▶ [EXERCISE OBJECTIVE]: The lines in the listing below are to be given again exactly, starting at the line holding "Efficient cargo services Amarpur to Punjab" and ending at the line holding "Long Hưng - Công". Do not include pictures.

▶ [INFORMATION PROVIDED]:
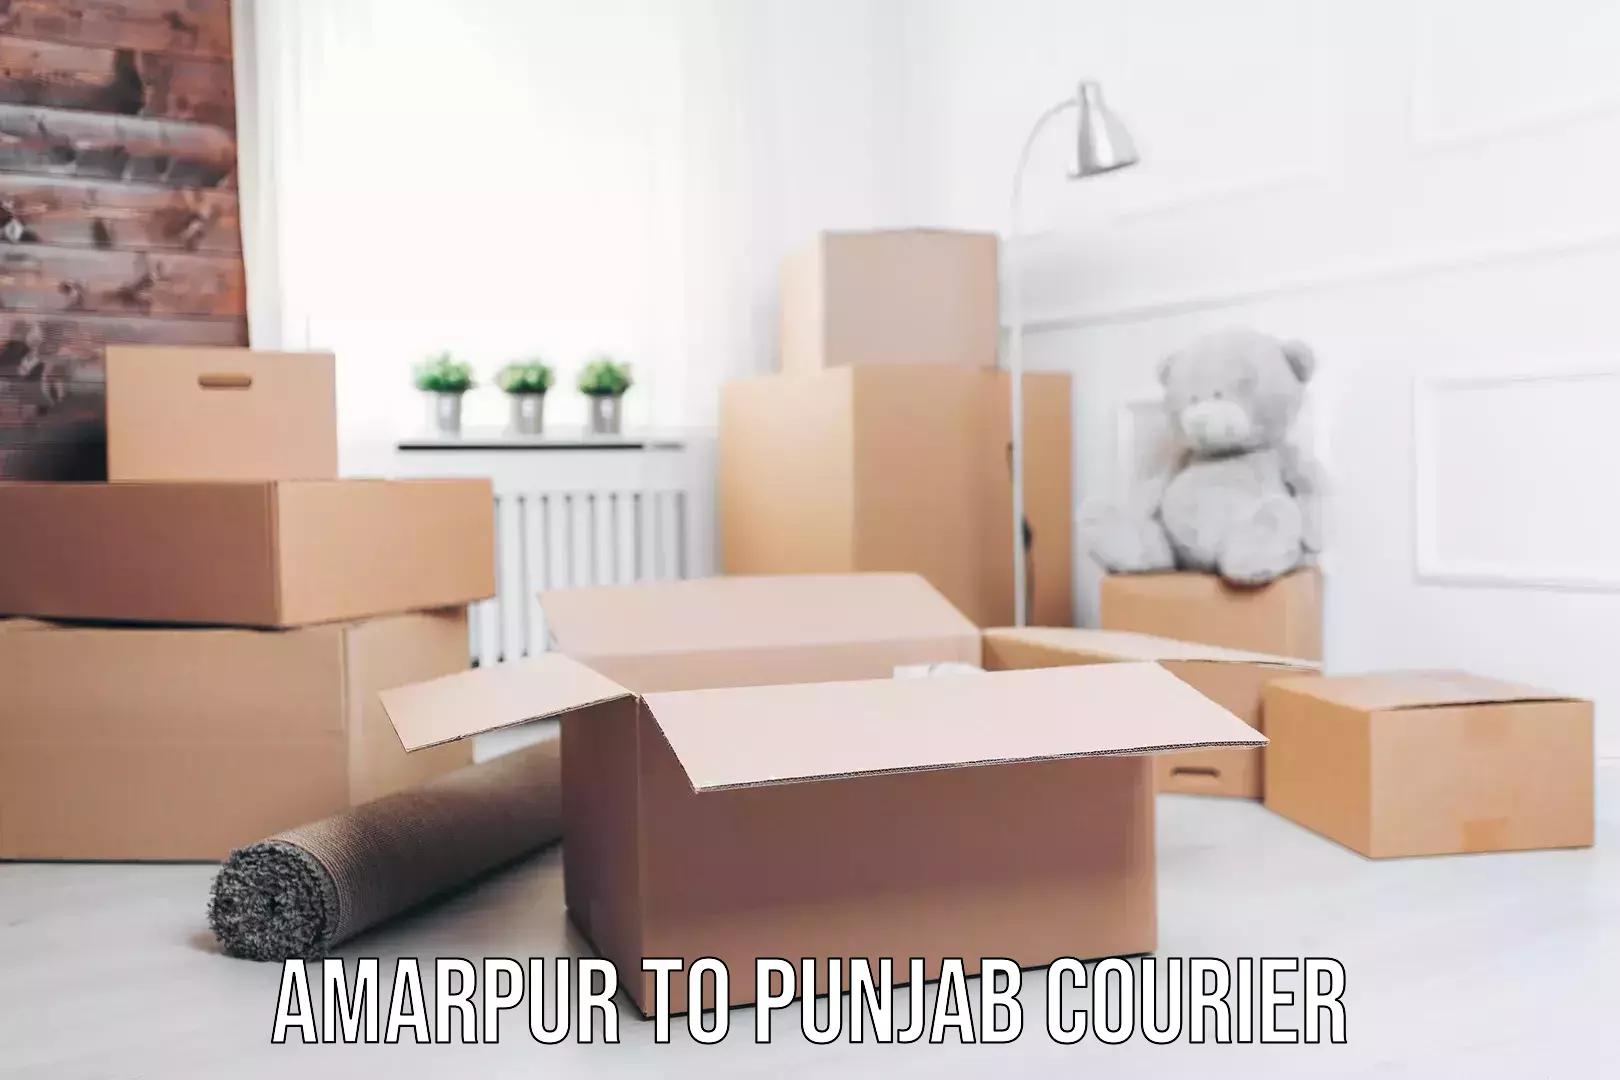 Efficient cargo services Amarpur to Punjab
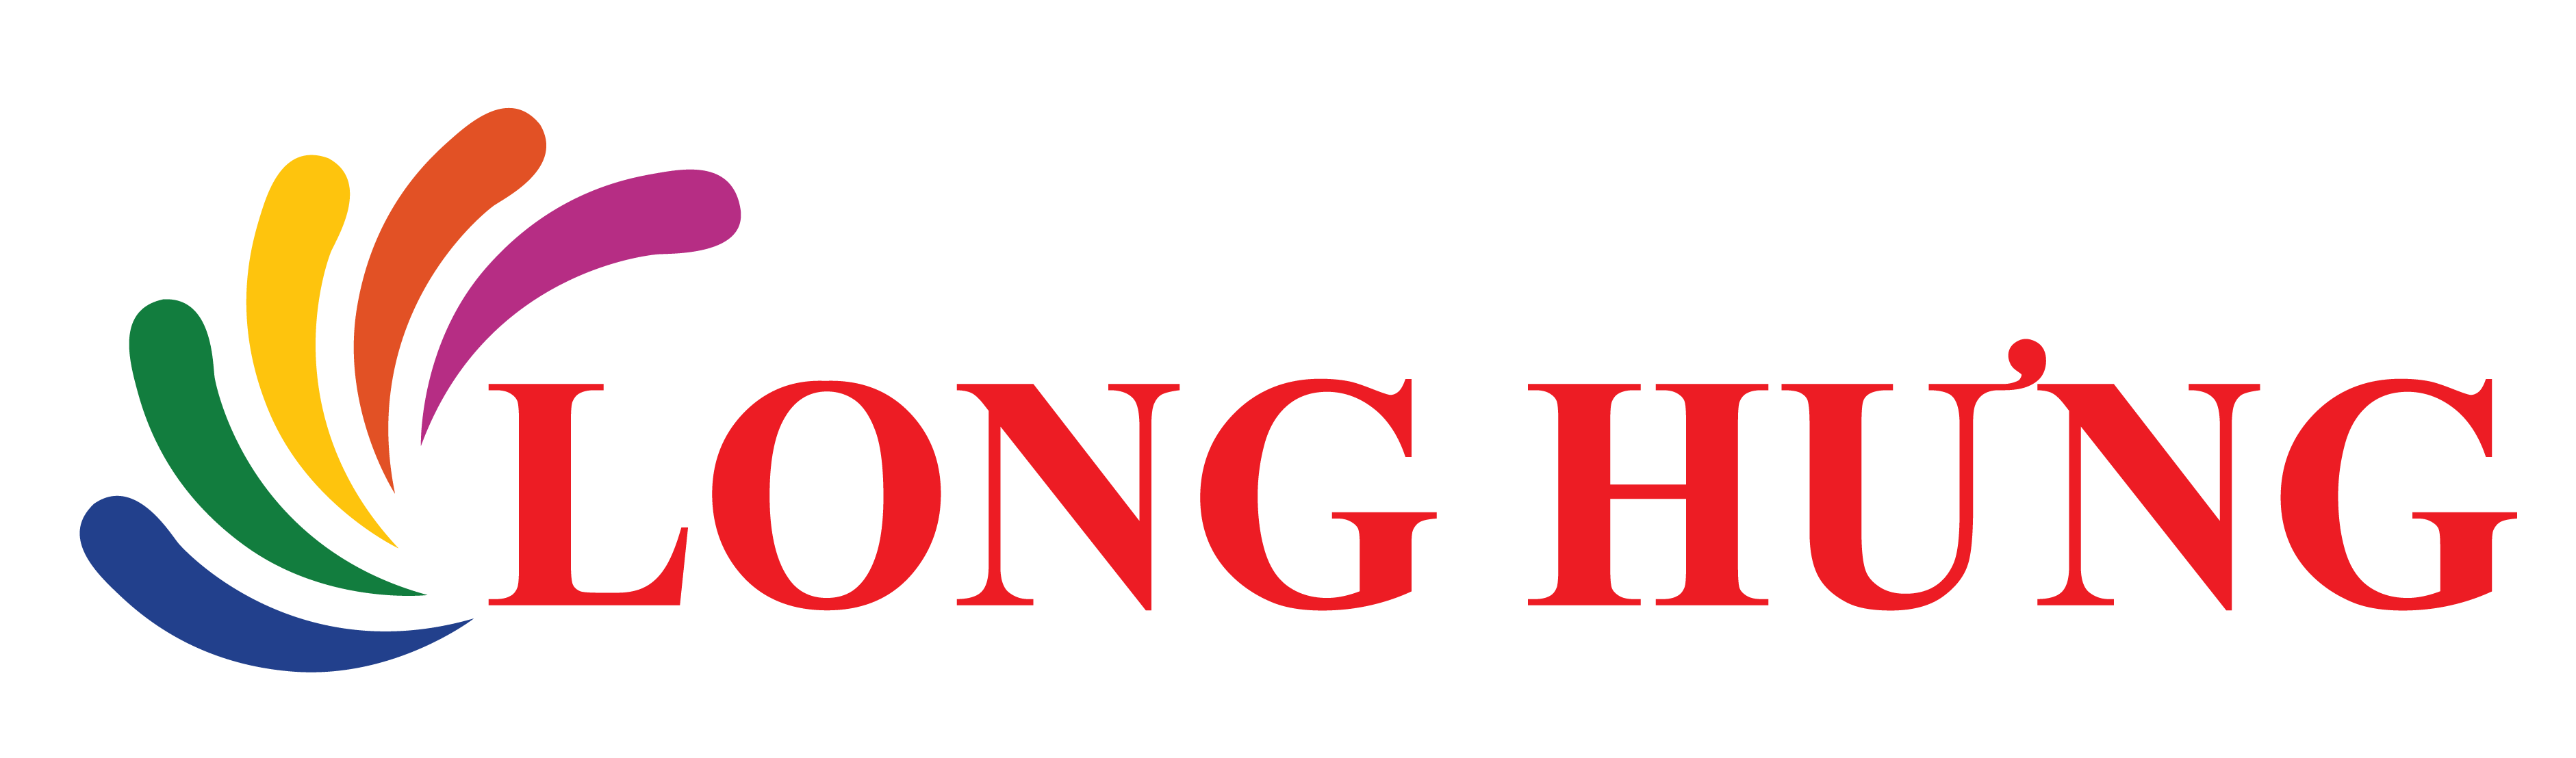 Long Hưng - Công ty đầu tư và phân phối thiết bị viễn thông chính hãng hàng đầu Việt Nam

* * *

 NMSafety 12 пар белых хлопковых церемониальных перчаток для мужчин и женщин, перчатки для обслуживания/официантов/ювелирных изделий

---

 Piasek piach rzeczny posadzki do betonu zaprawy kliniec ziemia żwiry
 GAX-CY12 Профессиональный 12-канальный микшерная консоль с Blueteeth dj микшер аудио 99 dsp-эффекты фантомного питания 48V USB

▶ [ANSWER]:
 Efficient cargo services Amarpur to Punjab
 Long Hưng - Công ty đầu tư và phân phối thiết bị viễn thông chính hãng hàng đầu Việt Nam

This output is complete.